Я осознал расположение своей «ахиллесовой пяты» — это дом и семья. Вот куда ударь меня — и я сломаюсь. Своей смерти я не боюсь. Что-то окончательно изменилось во мне. В первых стычках я убеждал себя в нереальности происходящего, что это — компьютерная игра, и можно «сохраниться», или воспринимал все как очередной исторический форум и, если что, то скорая спасет. Но в последнем бою осознал реальность и стал наркоманом. Выплеск адреналина, который бурлил в крови во время боя, стал опьянять и требовать новых доз.
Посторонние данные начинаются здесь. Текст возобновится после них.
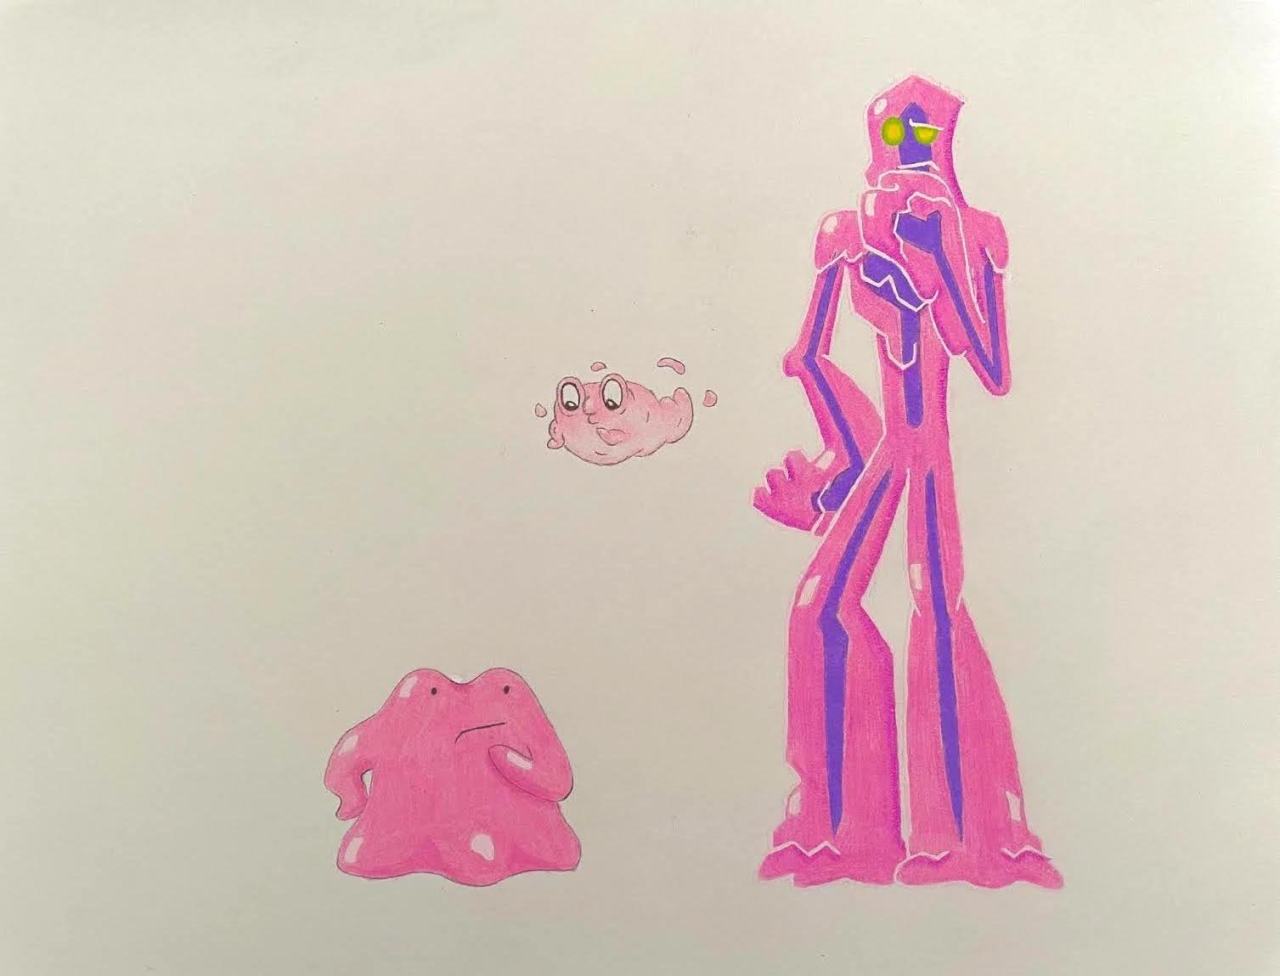 I occurred to me a while ago that a lot of shapeshifters/mimics happen to be pink and gelatinous, so I thought what if some of them met. :) I’ve drawn and colored Ditto, Morph and Globby all making “hmmm” faces and essentially copying each other, so the question remains, “Who made the face first?” Hmmm. ;) #globby#ditto#morph #big hero 6  #big hero six the series  #bh6 the series #bh6#pokemon#treasure planet#shapeshifter#similarities#funny#disney#disney channel#hand drawn#gelatinous#hmmm#copying

И я себе врал, что смогу без этих ощущений долго жить. Обманывался я и в том, что год смогу работать только в поместье. Вот бы еще оно было — то поместье.

Через час пути в направлении города веселье спало, и вновь появилась злость и решимость. Начали попадаться сгоревшие дома, плачущие дети и женщины, обреченно и бесцельно шастающие мужики. Тел погибших не было, но в раскрывающейся картине они воображением просматривались. Этому поместью, что находилось ближе к городу, досталось сильно.

Не сговариваясь и не получая команды весь отряд пришпорил коней и перешел на рысь, из передового дозора и вовсе выделилась фигура всадника, который пустился в галоп, огибая город в юго-восточном направлении. Это был Ермолай. Вот все чувствует что-то, места себе не находит.

— Андрей, Бер, за Ермолаем, — приказал я, выкрикнув себе за спину.

Нужно обязательно быть рядом с психически неуравновешенным другом. Этот в таком состоянии может много дел наворотить.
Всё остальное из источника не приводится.